The next generation of lithium based batteries can be expected to be based on lithium alloy forming anode materials which can store up to ten times more charge than the currently used graphite anodes. This increase in the charge storage capability has motivated significant research towards the commercialization of anode materials such as Si, Sn and Al. These alloy forming anode materials are, however, known to exhibit significant capacity losses during cycling. This is typically ascribed to the volume expansion associated with the formation of the lithium alloys (the volume expansion is e.g. about 280 % for Li3.75Si) resulting in electrode pulverization as well as continuous solid electrolyte interphase (SEI) layer formation [1-3]. While significant progress has been made to decrease the volume expansion problems by the use of e.g. nanoparticles, nanorods and thin films, and/or capacity limitations [1-3], capacity losses are still generally seen [4,5]. This and previously published data suggest that the phenomenon may be due to another effect and that this in fact could stem from lithium trapping in the electrodes [6-8].

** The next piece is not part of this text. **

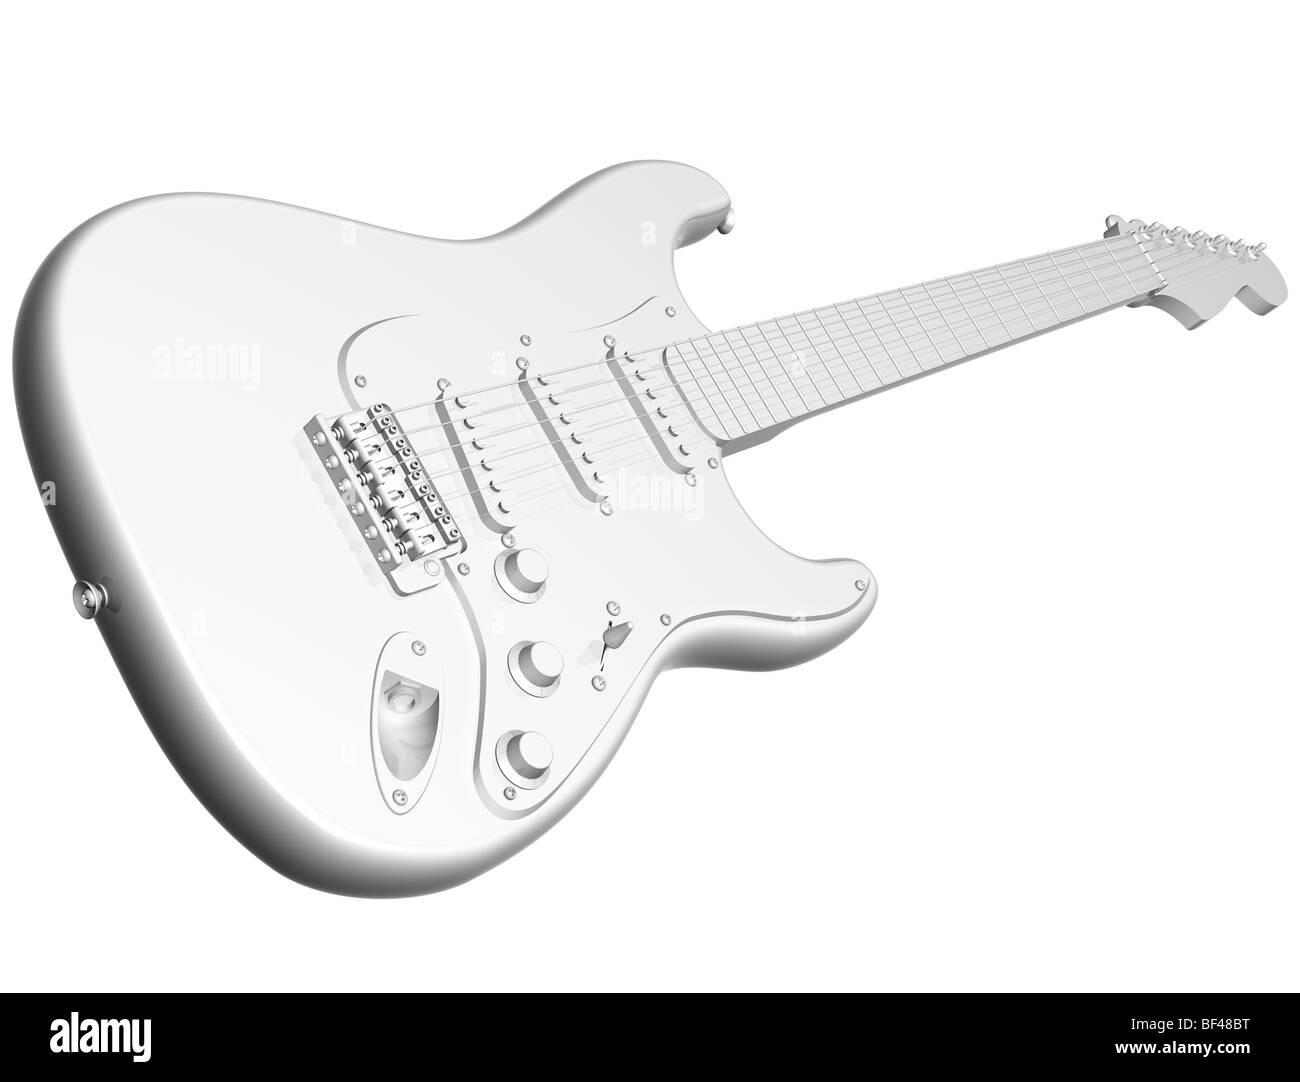 Abbildung von einer isolierten alle weiße e-Gitarre Stockfotografie - Alamy

In the present work it is demonstrated (based on e.g. elemental analyses of cycled Sn, Al and Si electrodes) that lithium trapping can account for the capacity losses seen when alloy forming anode materials are cycled versus lithium electrodes, see Figure 1. It is shown that small amounts of elemental lithium are trapped within the electrode material during the cycling as a result of a two-way diffusion process [8] causing the lithium to move into the bulk material even during the delithiation step. This phenomenon, which can be explained by the lithium concentration profiles in the electrodes, makes a complete delithiation process very time consuming. As a result of the lithium trapping effect, the lithium concentration in the electrode increases continuously during the cycling. The experimental results also show that a similar effect can be seen also for commonly used current collector metals such as Cu, Ni and Ti. The latter means that these metals are unsuitable as current collector materials for lithium alloy forming materials in the absence of a thin layer of boron doped diamond serving as a lithium diffusion barrier layer [8].

References

1    M. N. Obrovac and V. L. Chevrier, Chem. Rev., 2014, 114, 11444.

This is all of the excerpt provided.